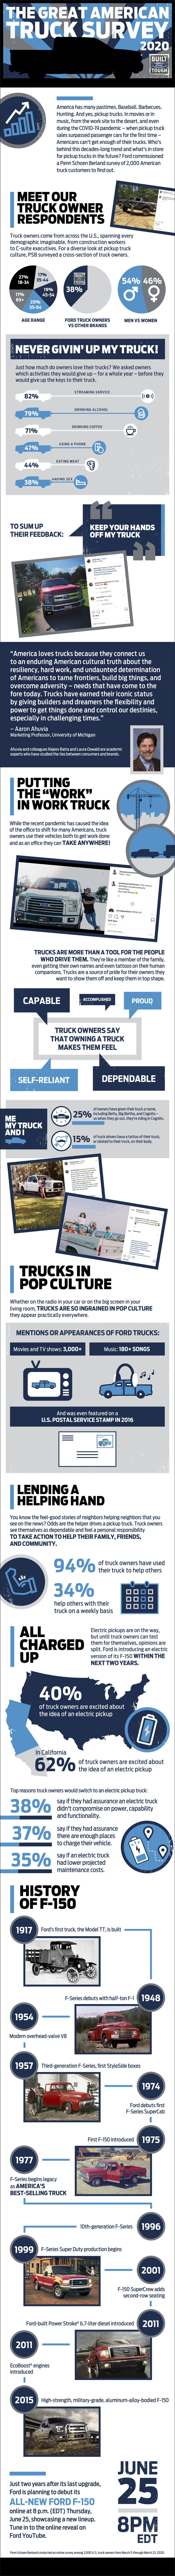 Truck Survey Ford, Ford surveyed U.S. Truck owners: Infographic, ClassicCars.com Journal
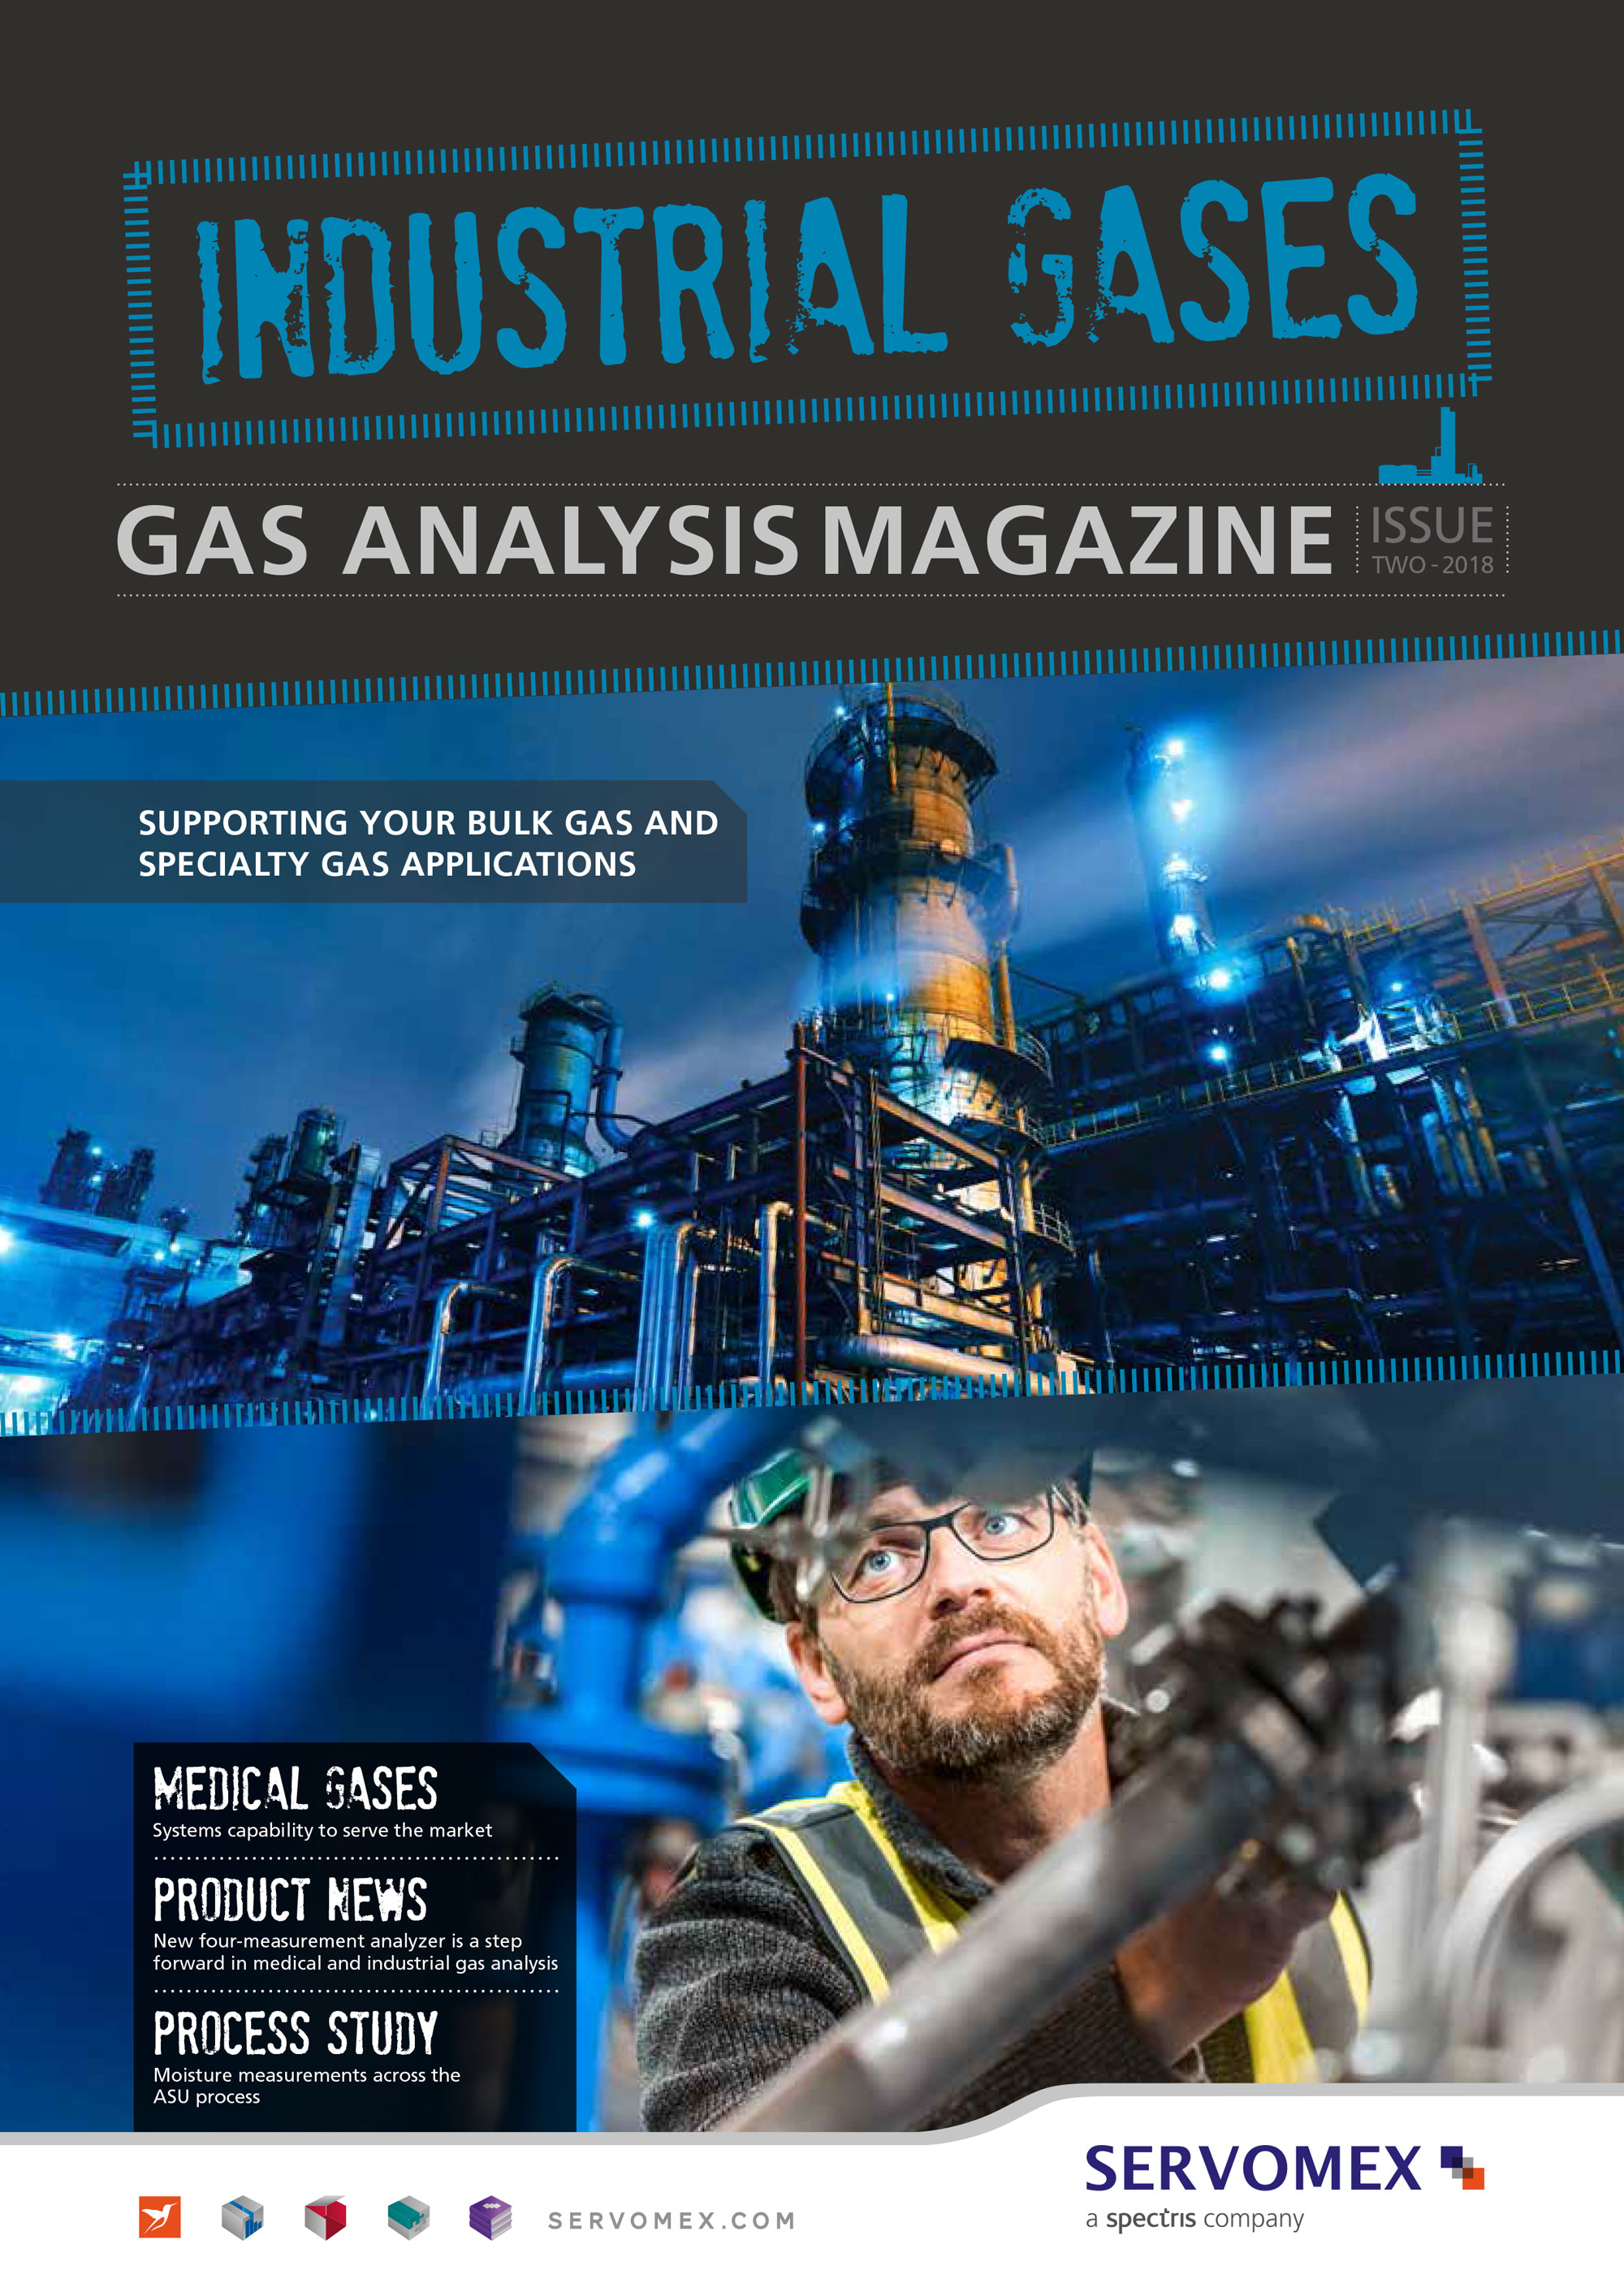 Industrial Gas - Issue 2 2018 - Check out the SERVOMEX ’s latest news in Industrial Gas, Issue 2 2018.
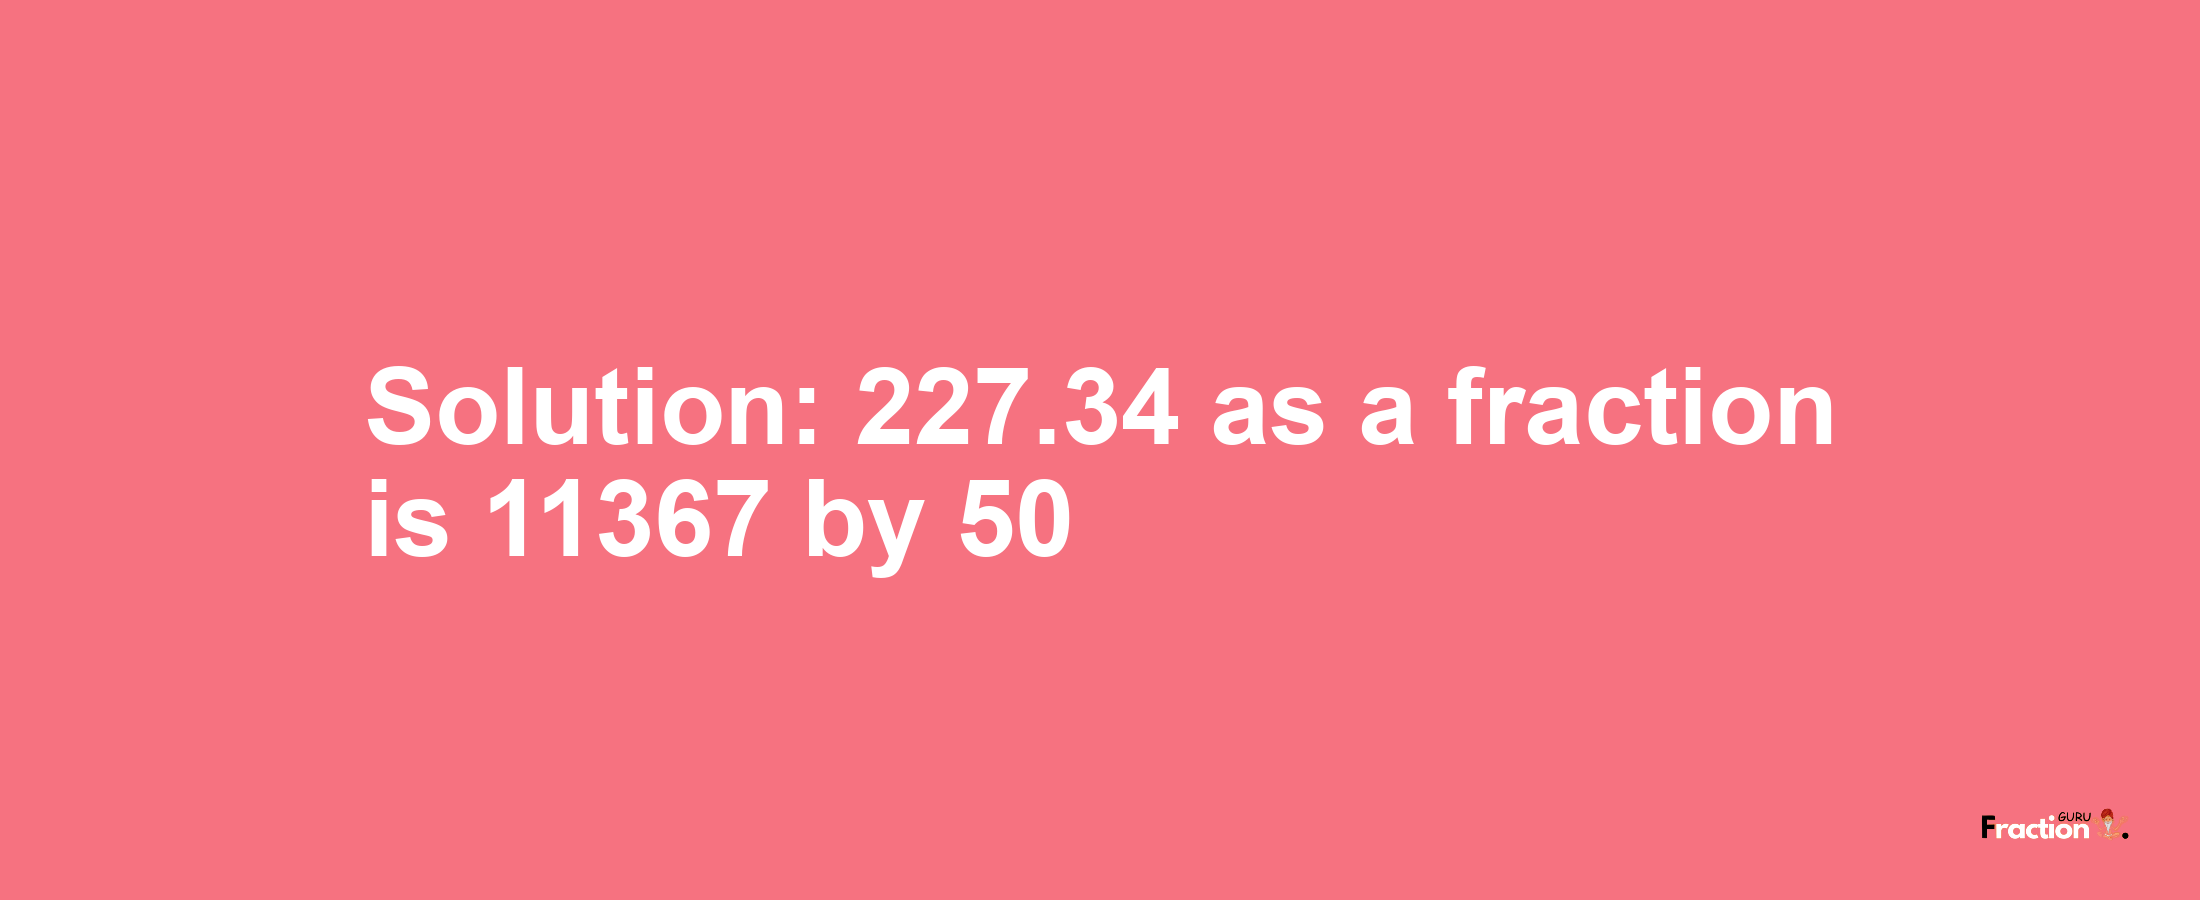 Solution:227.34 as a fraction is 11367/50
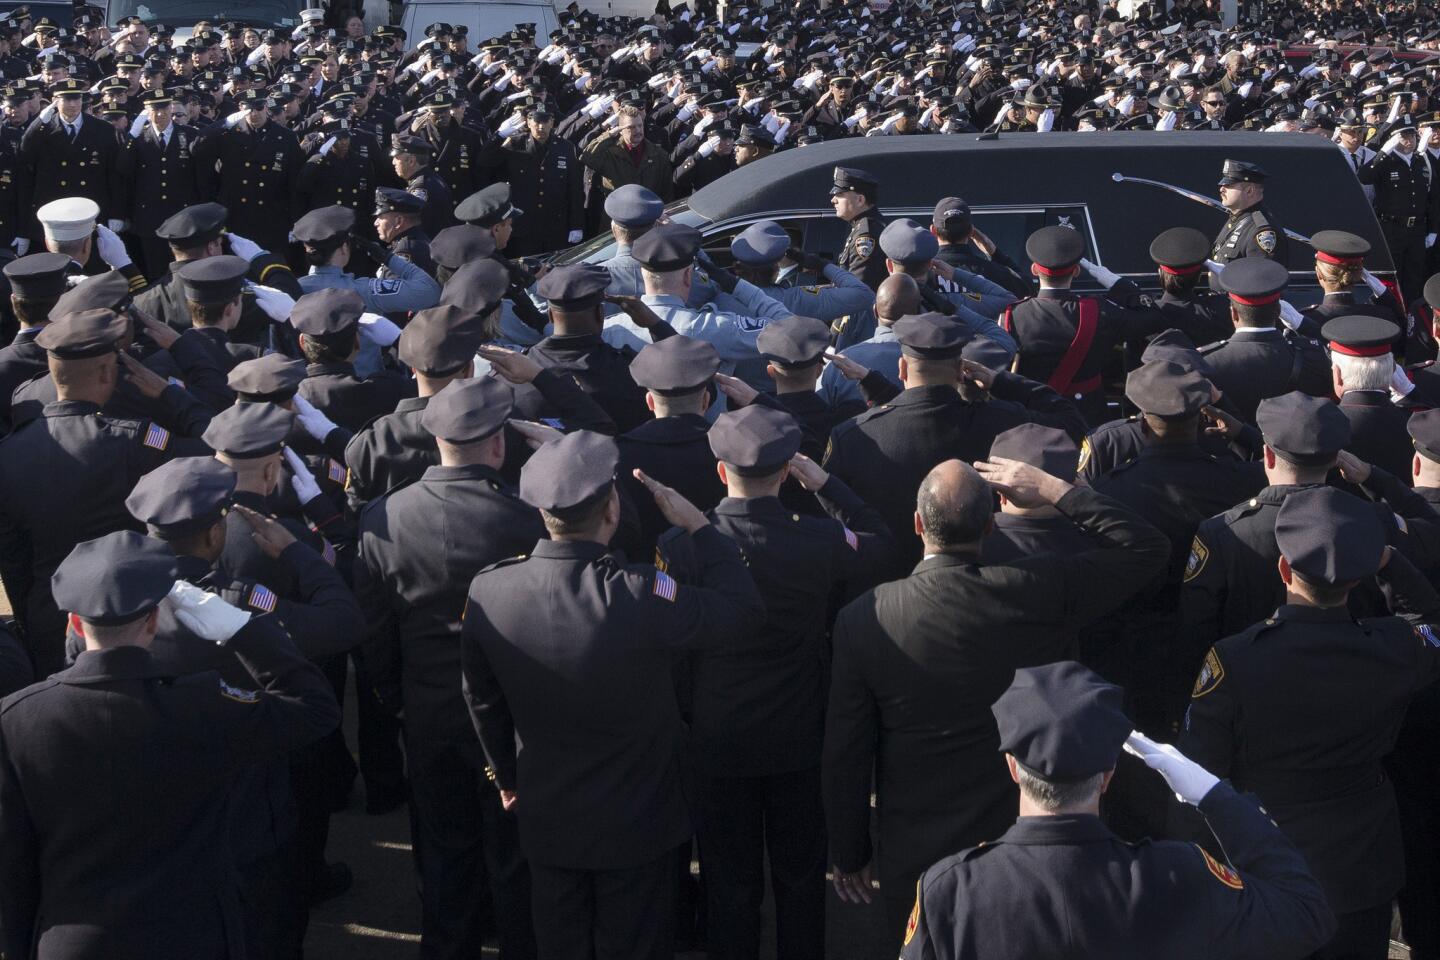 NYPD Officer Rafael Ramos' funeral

## [Task to carry out]
Transcribe exactly the lines above, running from the one that contains "Solution:227.34 as a fraction is 11367/50" through the final line of the listing, and skip every picture.

## [Result for this task]
 Solution:227.34 as a fraction is 11367/50
 NYPD Officer Rafael Ramos' funeral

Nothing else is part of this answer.